The frustration was shared by Tim Middleton, director of policy and external affairs at the Pensions Management Institute (PMI), who said it would be “encouraging” if the manifesto included further reforms to auto-enrolment.

He also expressed surprise at the lack of mention of the Lifetime Provider model (or pot for life).

PLSA’s Peaple agreed, adding that “we urgently need a roadmap to gradually increase pension contribution levels from 8% to 12% over the next decade or else many people working today will miss out on a better pension in retirement”.

Green Party manifesto

The Green Party’s manifesto focused on removing fossil fuel assets from financial institutions’ investment portfolios and pension tax relief.

It pointed out that financial services have a “crucial” part to play in achieving a rapid transition to a zero-carbon economy and ensuring that nature is protected.

It said that it wants to make the industry a “force for good” – directing finance towards businesses that are critical to creating a better future for all.

The document added that non-bank financial institutions, such as UK pension funds, investment funds, mutual funds, brokers and insurance companies that sell policies in the UK, will need to remove fossil fuel assets from their investment portfolios, securities transactions and balance sheets by 2030.

The Financial Conduct Authority (FCA) will develop targets to eliminate all equities relating to fossil fuel exploitation from the UK stock market and will immediately prohibit the issuing of any new shares for those purposes, it said.

On tax, it said it would equate the rate of pension tax relief with the basic rate of income tax to help fund the social care that will allow elderly and disabled people on low incomes to “live in dignity”.

However there is little more detail available on the Greens’ plans.

Matthew Downey, investment consultant at Broadstone, noted that the “devil is in the detail”, adding that a policy such as proposed on fossil fuels could have unintended consequences.

“There is demand from the pension industry to decarbonise and engage with companies to improve working practices: if pension schemes are mandated to remove fossil fuel assets, we do worry that these may be bought up by hedge funds and other investors who may not be as interested in how the underlying companies operate,” he said.

“As an asset owner, the ability to engage and influence corporate behaviour is arguably an effective way to implement change”

Matthew Downey, investment consultant at Broadstone

“As an asset owner, the ability to engage and influence corporate behaviour is arguably an effective way to implement change,” Downey continued.

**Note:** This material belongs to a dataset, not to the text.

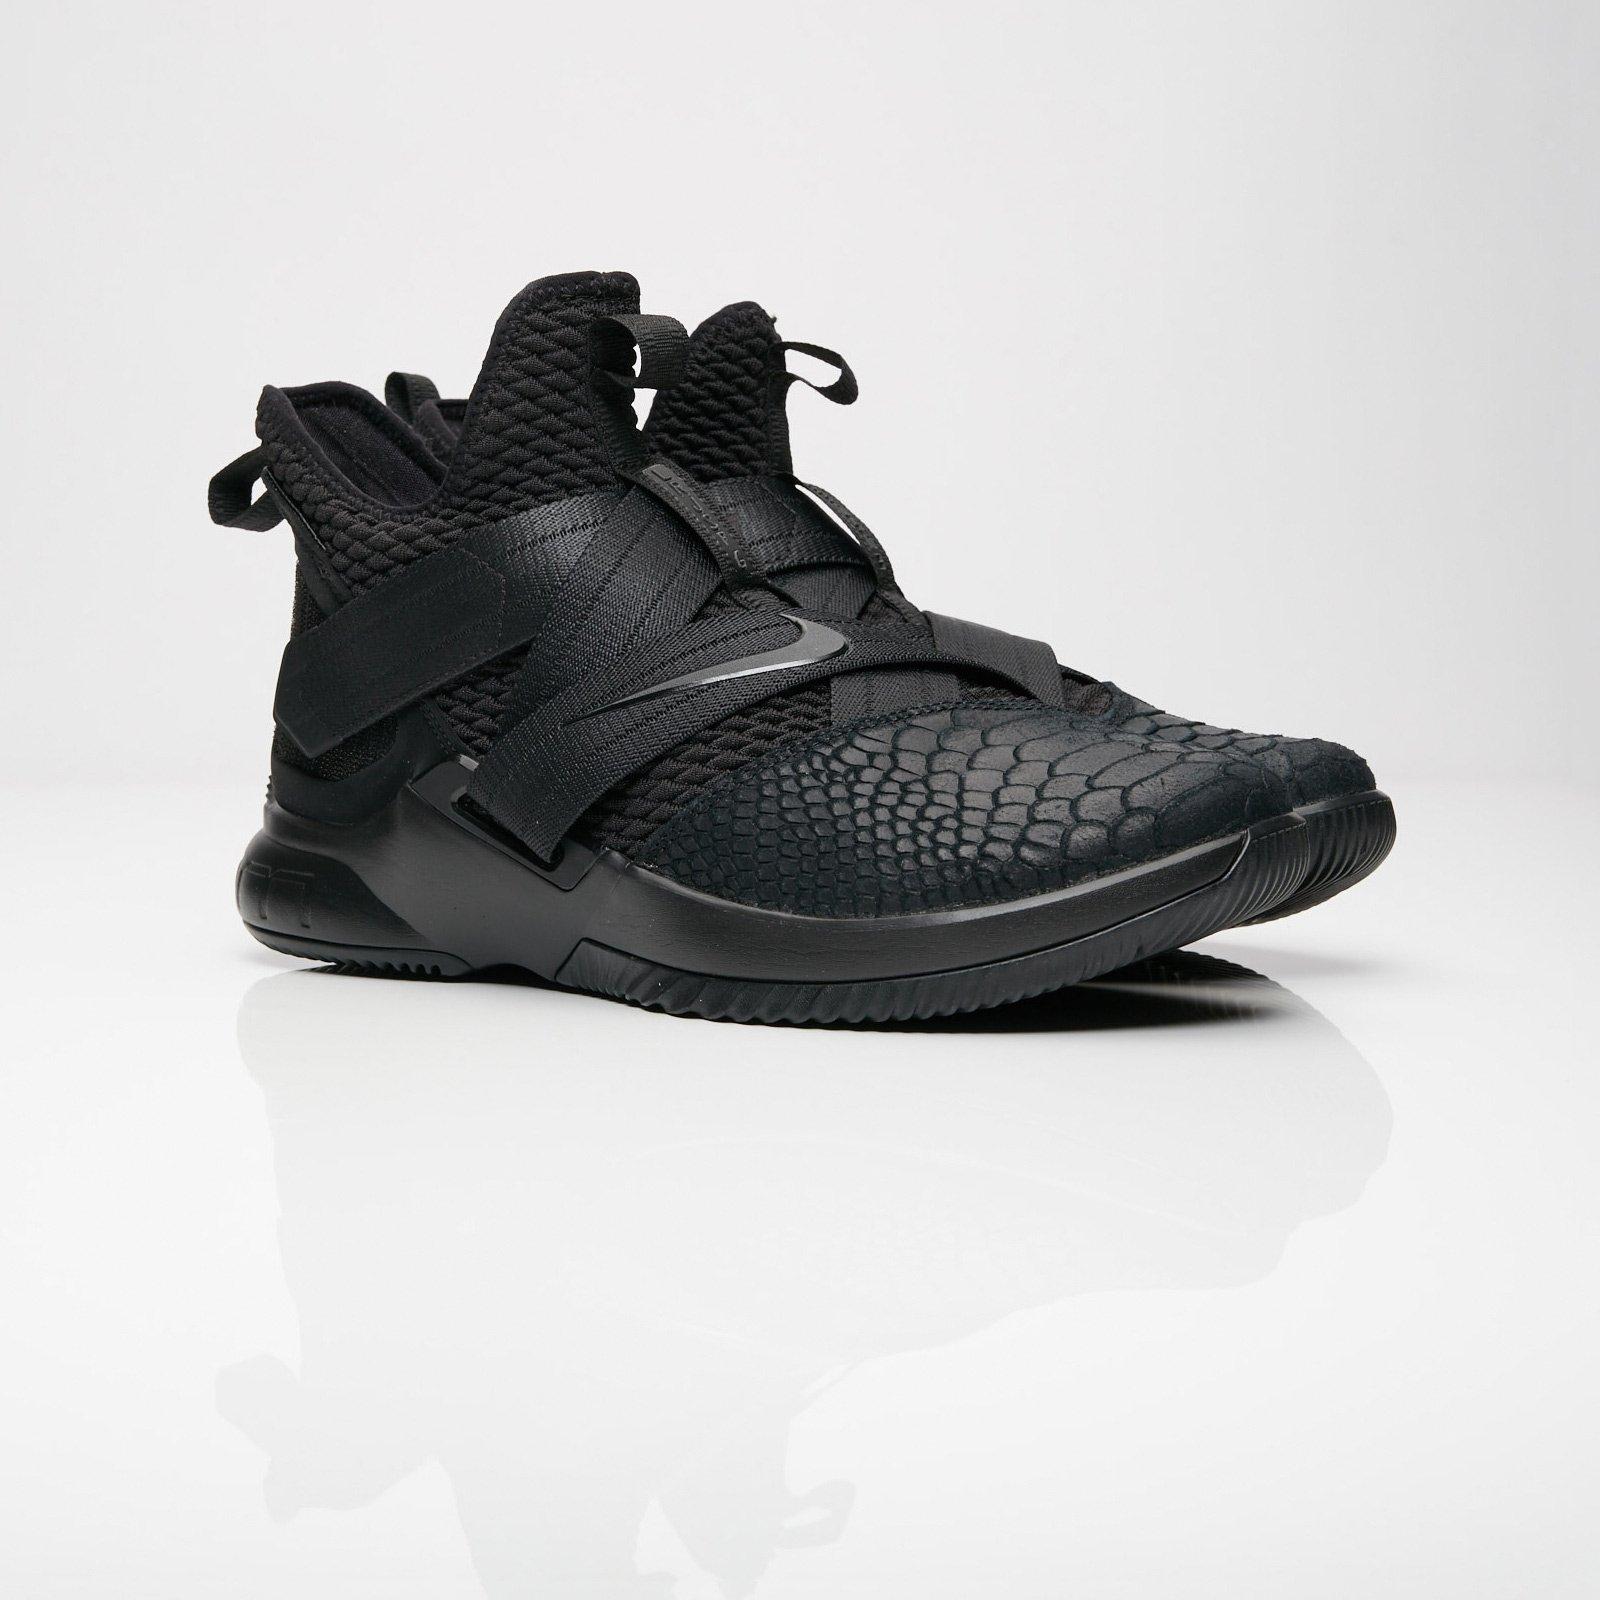 Nike Basketball Lebron Soldier XII SFG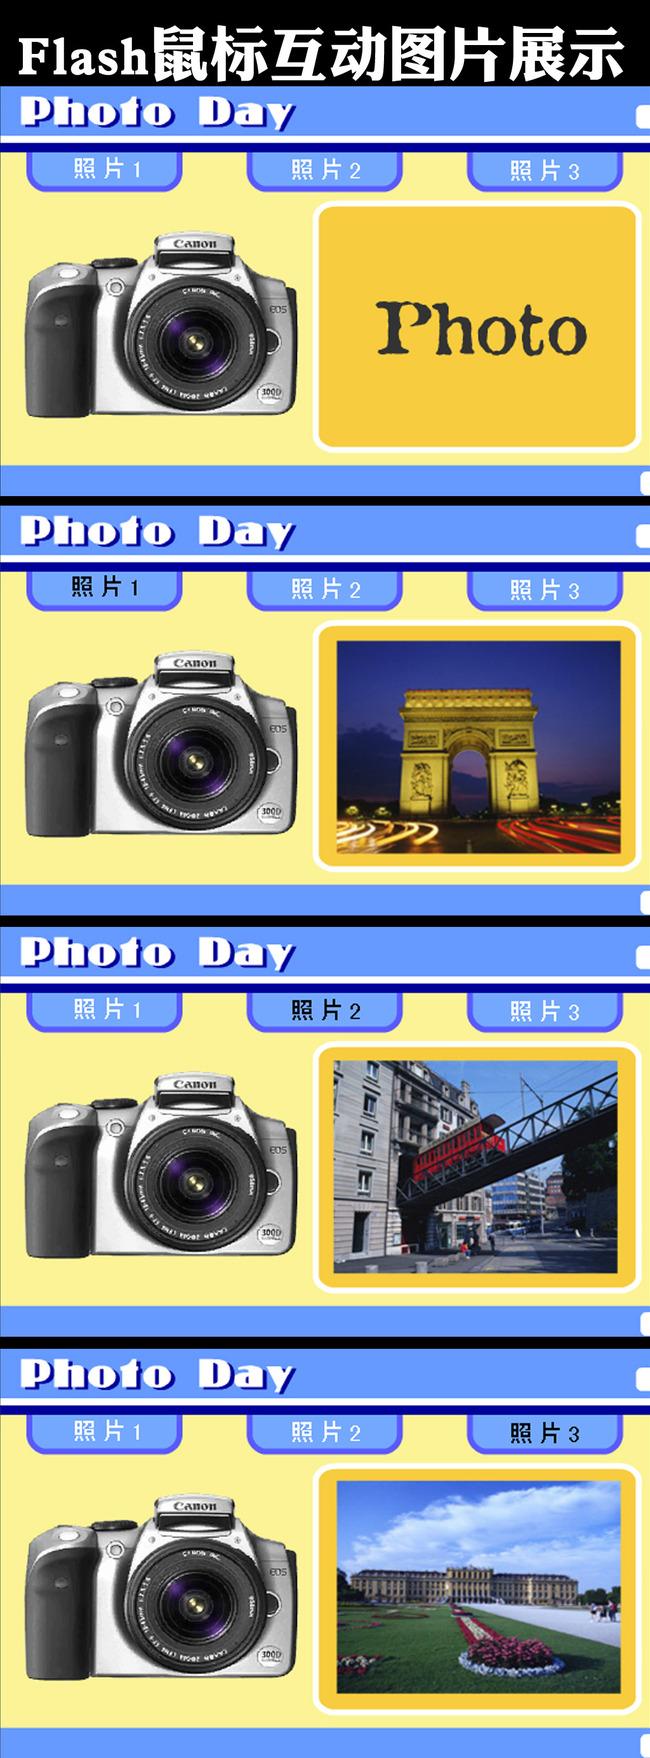 flash多媒体课件制作图片互动

“We would also need to see how the plans for the FCA to stop shares relating to fossil fuel exploitation are implemented. As the manifesto stands, the wording does not prohibit debt financing so there are potential loopholes which could be exploited. That said, supermarkets make money by selling fuel, banks may finance oil and gas firms, and there is even an airline in the FTSE 100, so depending on how the targets are set, they could have a significant impact on the UK stock market,” he warned.

Lib Dem Party manifesto

The Liberal Democrats’ manifesto also focused on climate change.

As part of its plans to “restore the UK’s role as a global leader on climate change”, it said it would regulate financial services to encourage climate-friendly investments, including requiring pension funds and managers to show that their portfolio investments are consistent with the Paris Agreement.

The plans also include creating new powers for regulators to act if banks and other investors are not managing climate risks properly.

Apart from climate change, the party said it wants to “give everyone the chance to enjoy a decent retirement”. This includes developing measures to end the gender pension gap in private pensions and ensure working-age carers can save properly for retirement.

It also wants to review rules concerning pensions so that those in the gig economy don’t lose out, and portability between roles is protected.